• _PROMPT_: Return the data below unaltered, but strip out the pictures.

• _DATA BLOCK_:
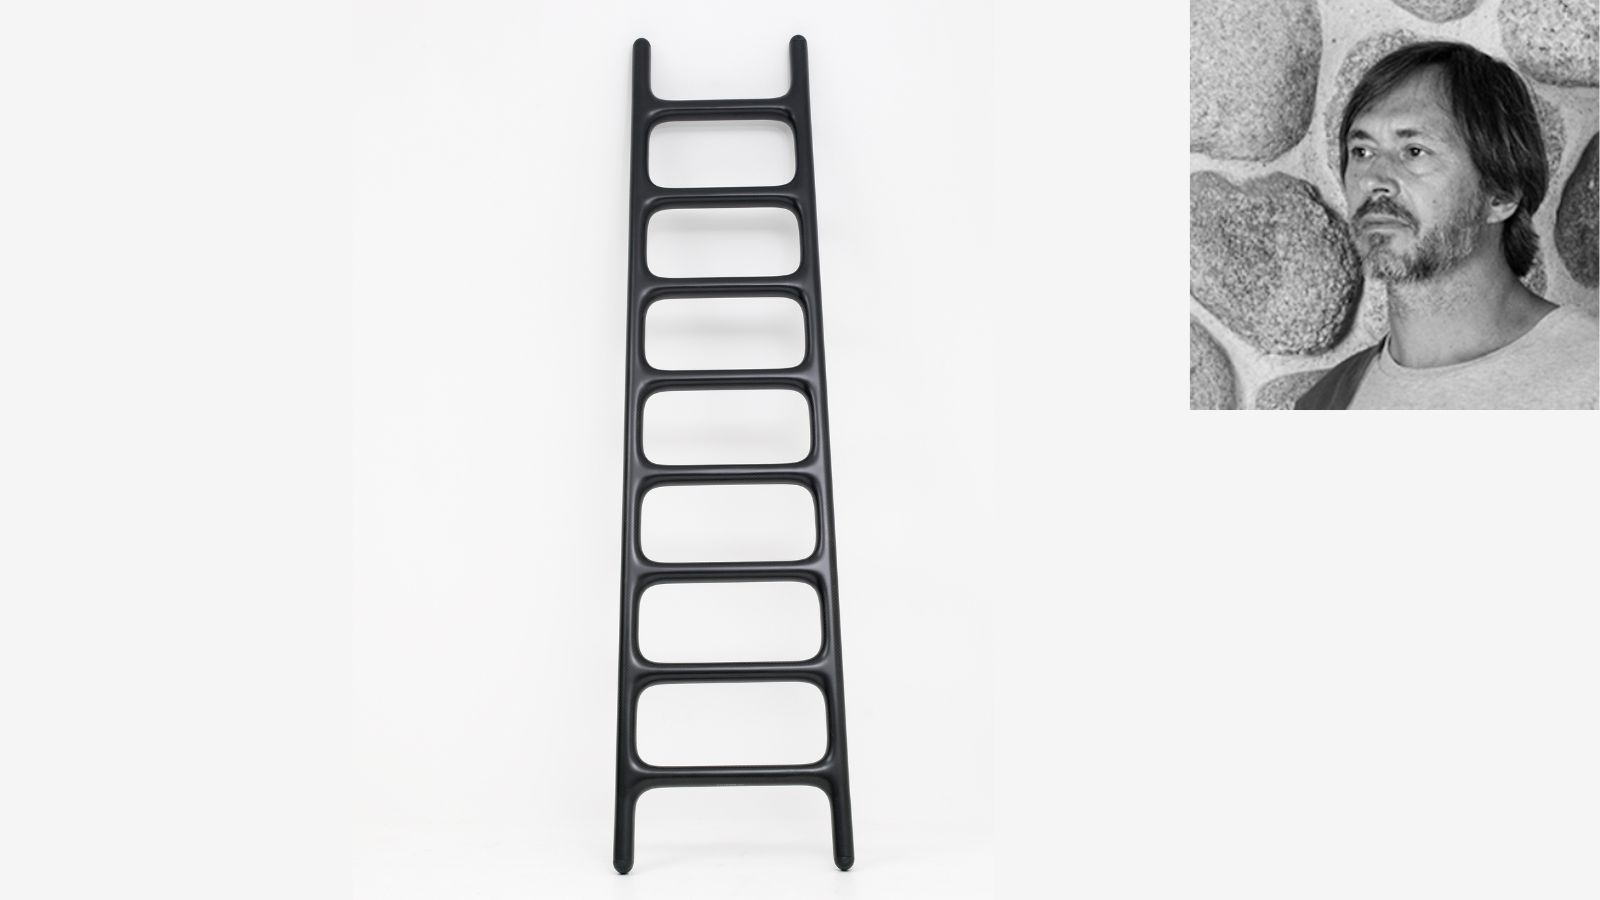 Carbon Ladder de Marc Newson. El creador australiano quiso diseñar una escalera que fuera a la vez estética, muy ligera y fácilmente transportable, a diferencia de la mayoría de modelos existentes hasta entonces en el mercado, muy voluminosos y poco manejables.
La Carbon Ladder está hecha a mano en fibra de carbono, pesa menos de 2,5 kilos y tiene una altura de 2 metros.
Sus bordes redondeados recuerdan a las formas icónicas de los diseños de Marc Newson. Edición limitada a 18 piezas (+3 pruebas de artista). Precio superior a los 50.000 euros. - imagen 3
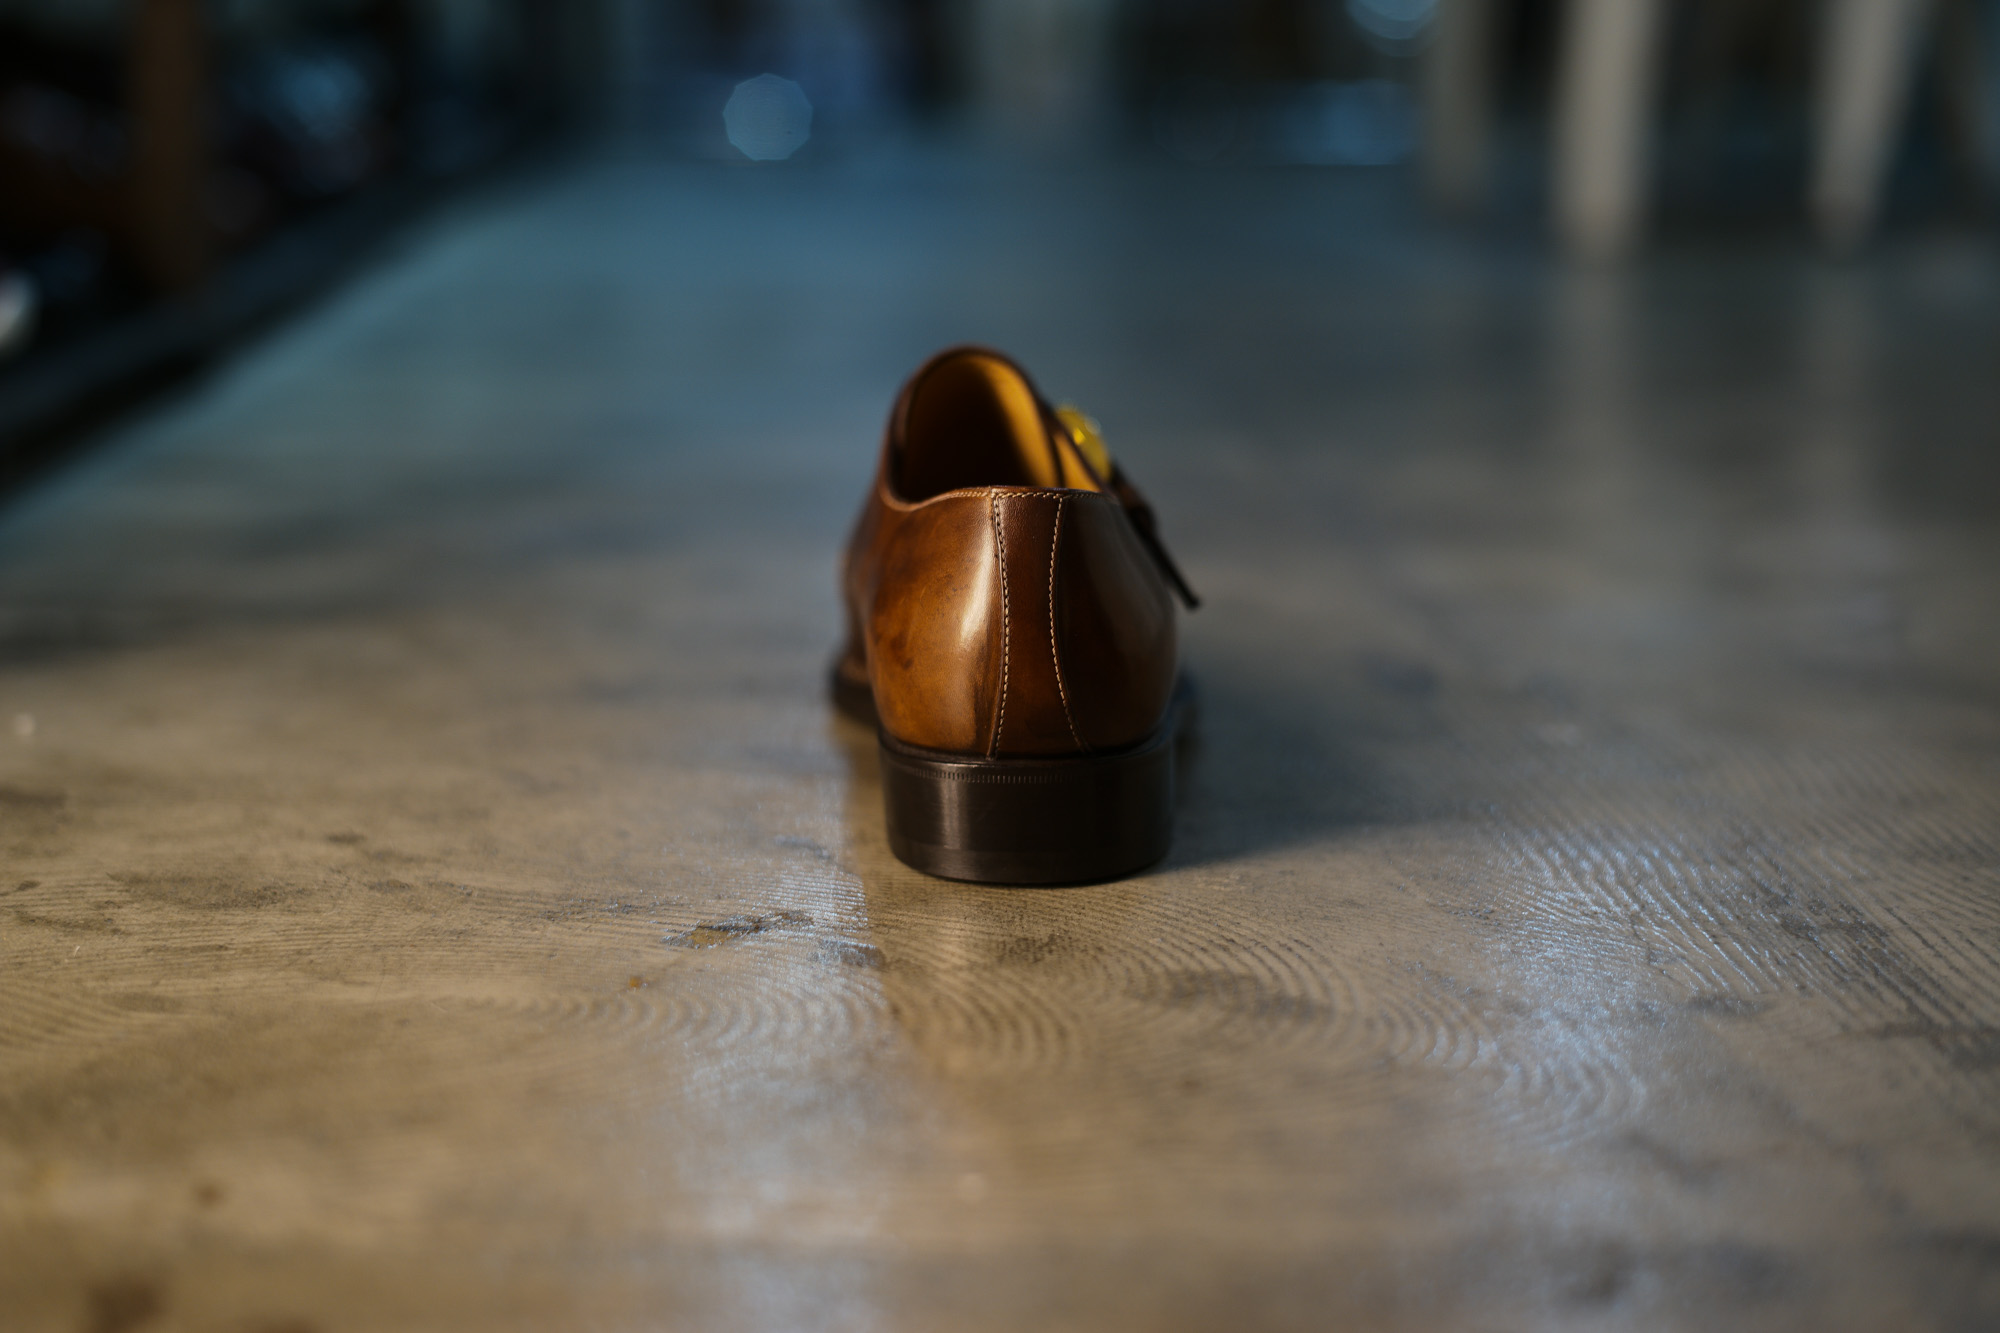 ENZO BONAFE (エンツォボナフェ) 【ART.3721】Single Monk Strap Shoes シングルモンクストラップシューズ CORDOVAN コードバン ノルベジェーゼ製法 ドレスシューズ No.4(#4) made in italy (イタリア製) 愛知 名古屋 Alto e Diritto アルト エ デリット enzobonafe コードバン no4 ナンバーフォー

• _RESPONSE TO THIS EXERCISE_:
 Carbon Ladder de Marc Newson. El creador australiano quiso diseñar una escalera que fuera a la vez estética, muy ligera y fácilmente transportable, a diferencia de la mayoría de modelos existentes hasta entonces en el mercado, muy voluminosos y poco manejables.
La Carbon Ladder está hecha a mano en fibra de carbono, pesa menos de 2,5 kilos y tiene una altura de 2 metros.
Sus bordes redondeados recuerdan a las formas icónicas de los diseños de Marc Newson. Edición limitada a 18 piezas (+3 pruebas de artista). Precio superior a los 50.000 euros. - imagen 3
 ENZO BONAFE (エンツォボナフェ) 【ART.3721】Single Monk Strap Shoes シングルモンクストラップシューズ CORDOVAN コードバン ノルベジェーゼ製法 ドレスシューズ No.4(#4) made in italy (イタリア製) 愛知 名古屋 Alto e Diritto アルト エ デリット enzobonafe コードバン no4 ナンバーフォー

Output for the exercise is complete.